§ **Your goal**: A verbatim copy of the records is required, with all pictures left out.

§ **Exercise data**:
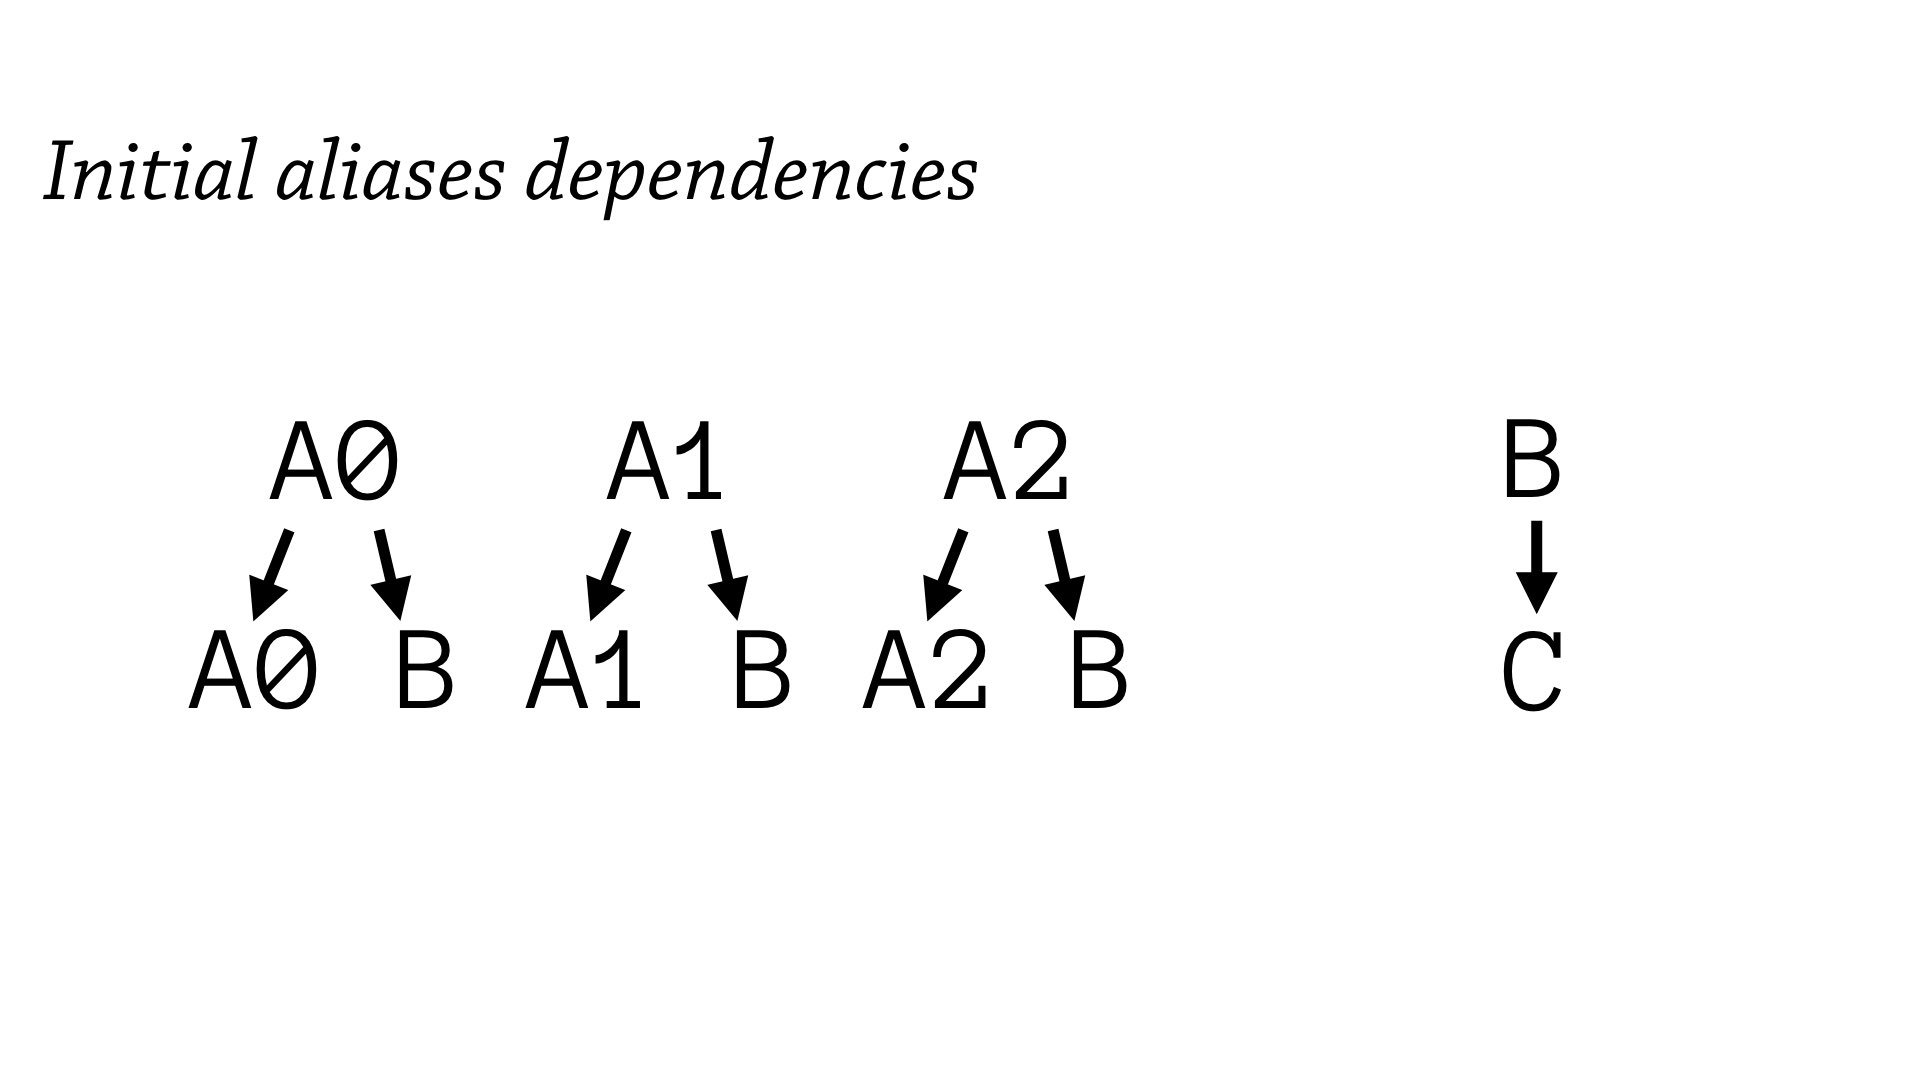 Initial alias dependencies
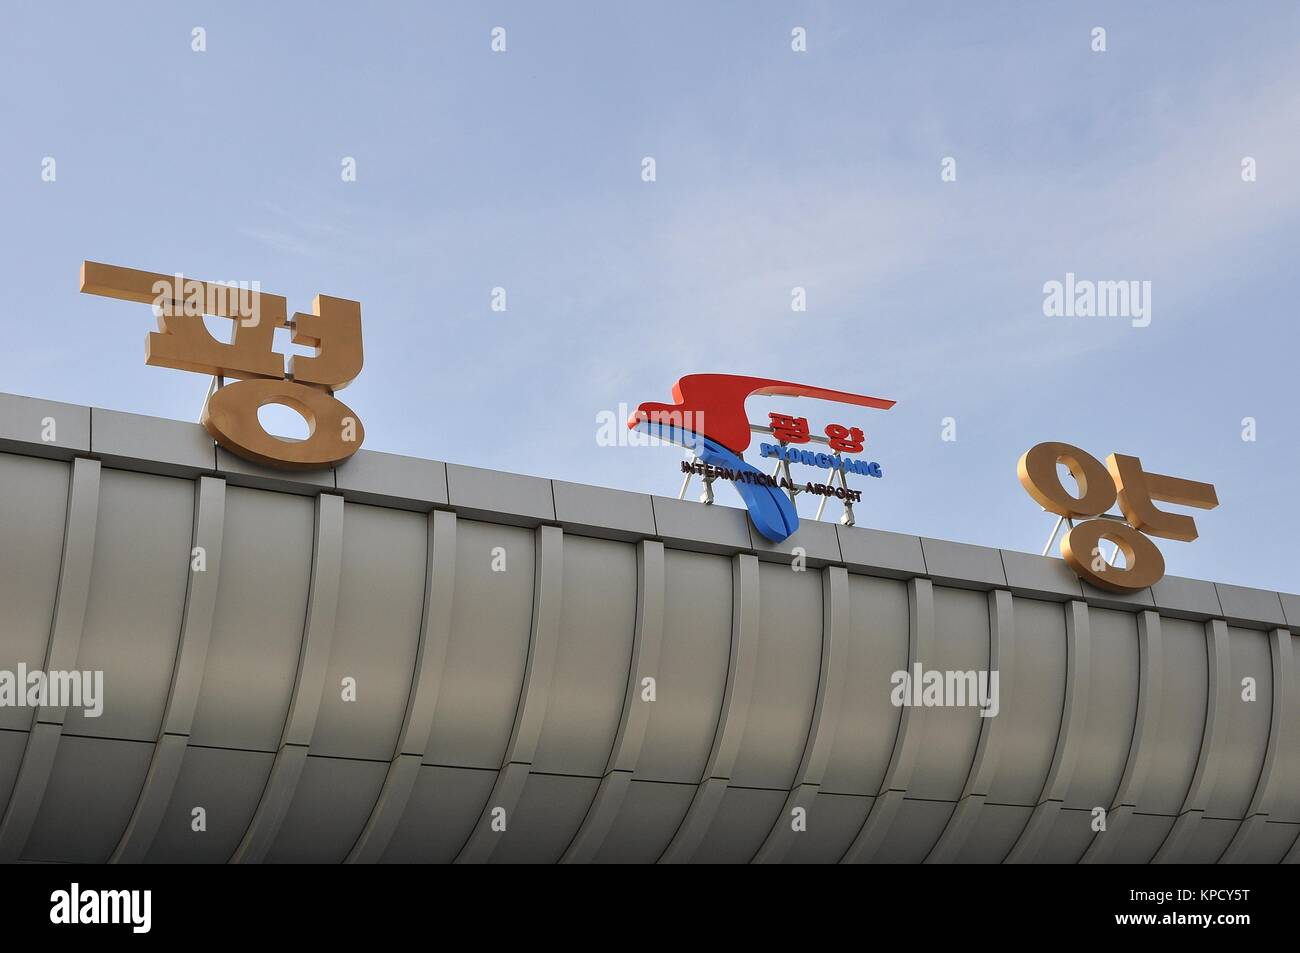 SIGNAGE AT PYONGYANG'S SUNAN INTERNATIONAL AIRPORT.. - Stock Image
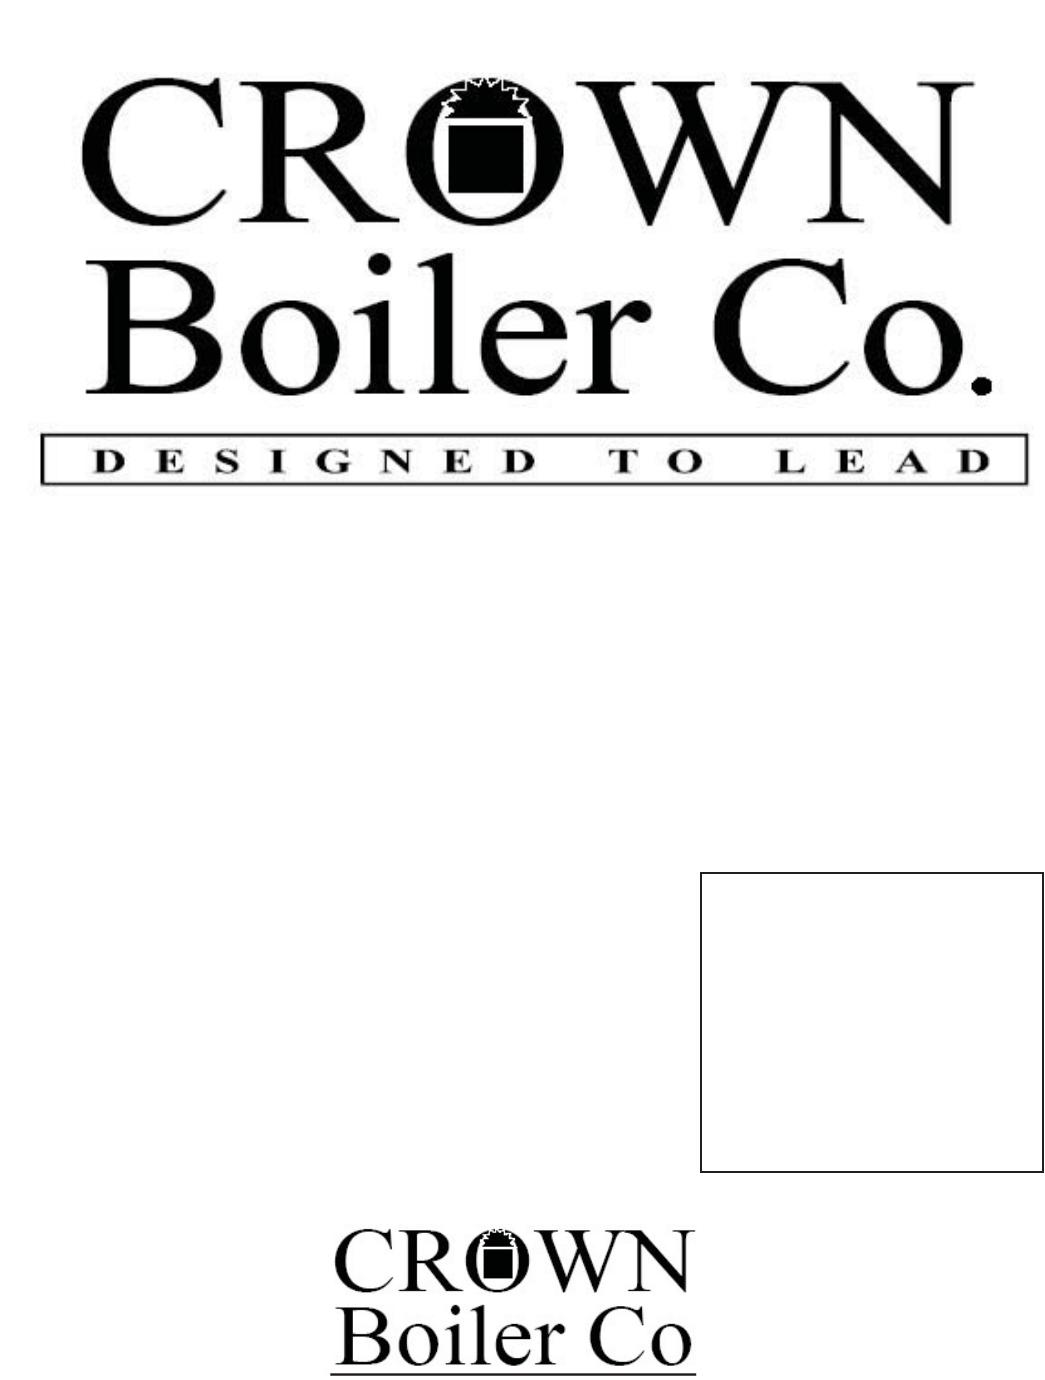 Crown Boiler Cwd060 Cwd083 Cwd110 Cwd138 Cwd165 Cwd193 Cwd220 Cwd245 Installation
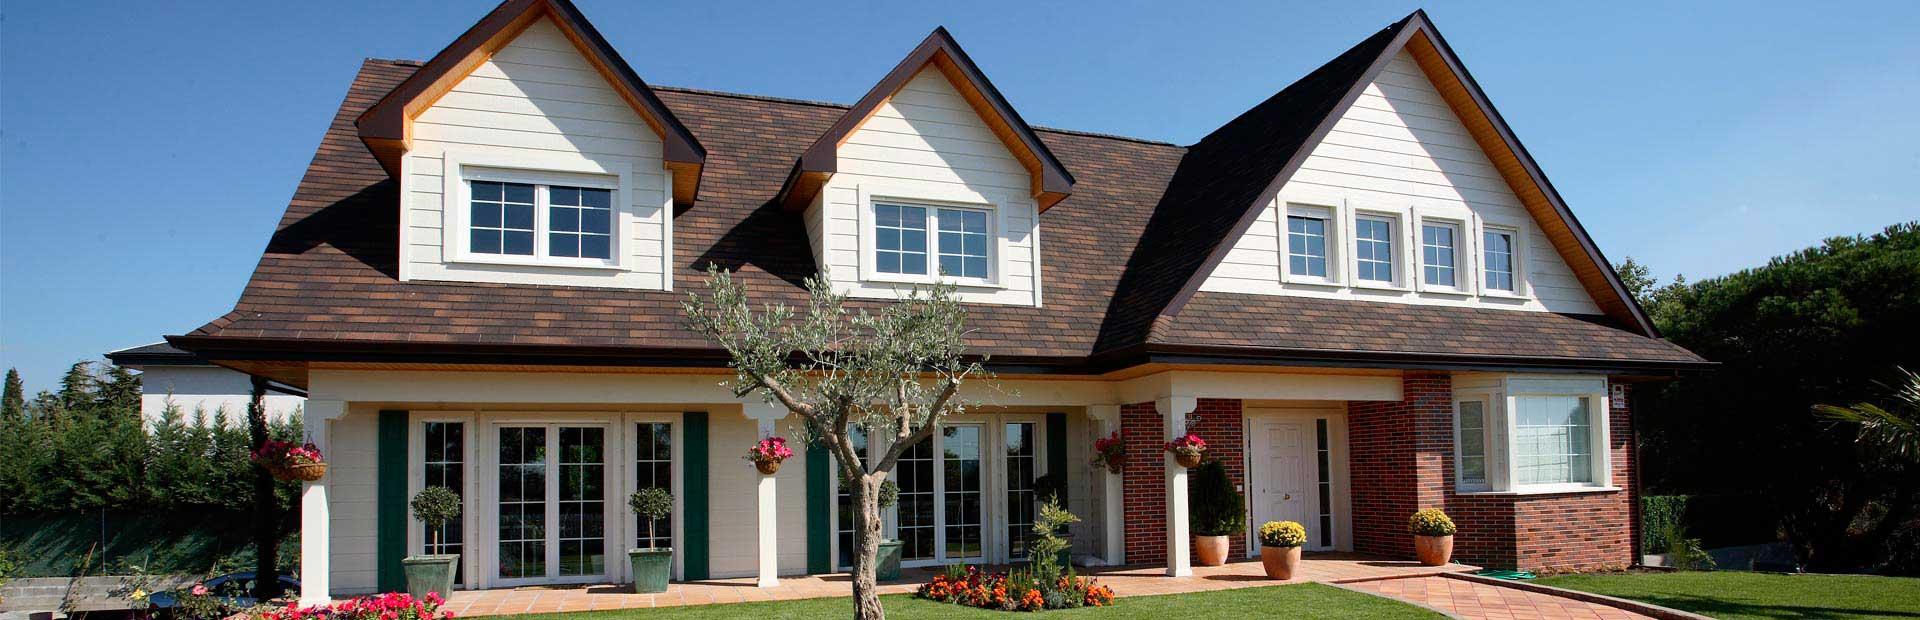 casas de madera madrid
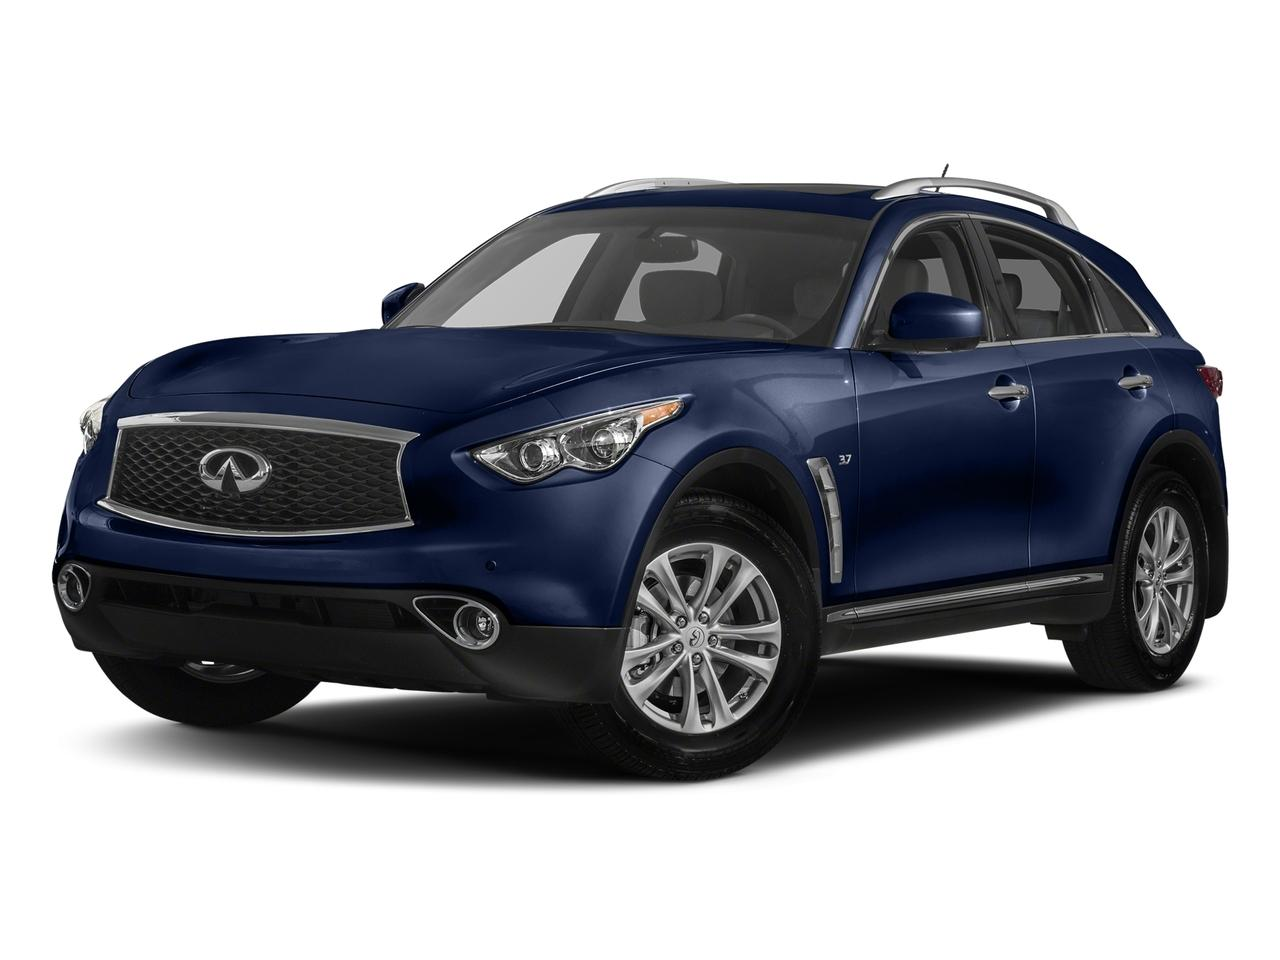 2017 INFINITI QX70 Vehicle Photo in San Antonio, TX 78230

§ **Output below**:
 Initial alias dependencies
 SIGNAGE AT PYONGYANG'S SUNAN INTERNATIONAL AIRPORT.. - Stock Image
 Crown Boiler Cwd060 Cwd083 Cwd110 Cwd138 Cwd165 Cwd193 Cwd220 Cwd245 Installation
 casas de madera madrid
 2017 INFINITI QX70 Vehicle Photo in San Antonio, TX 78230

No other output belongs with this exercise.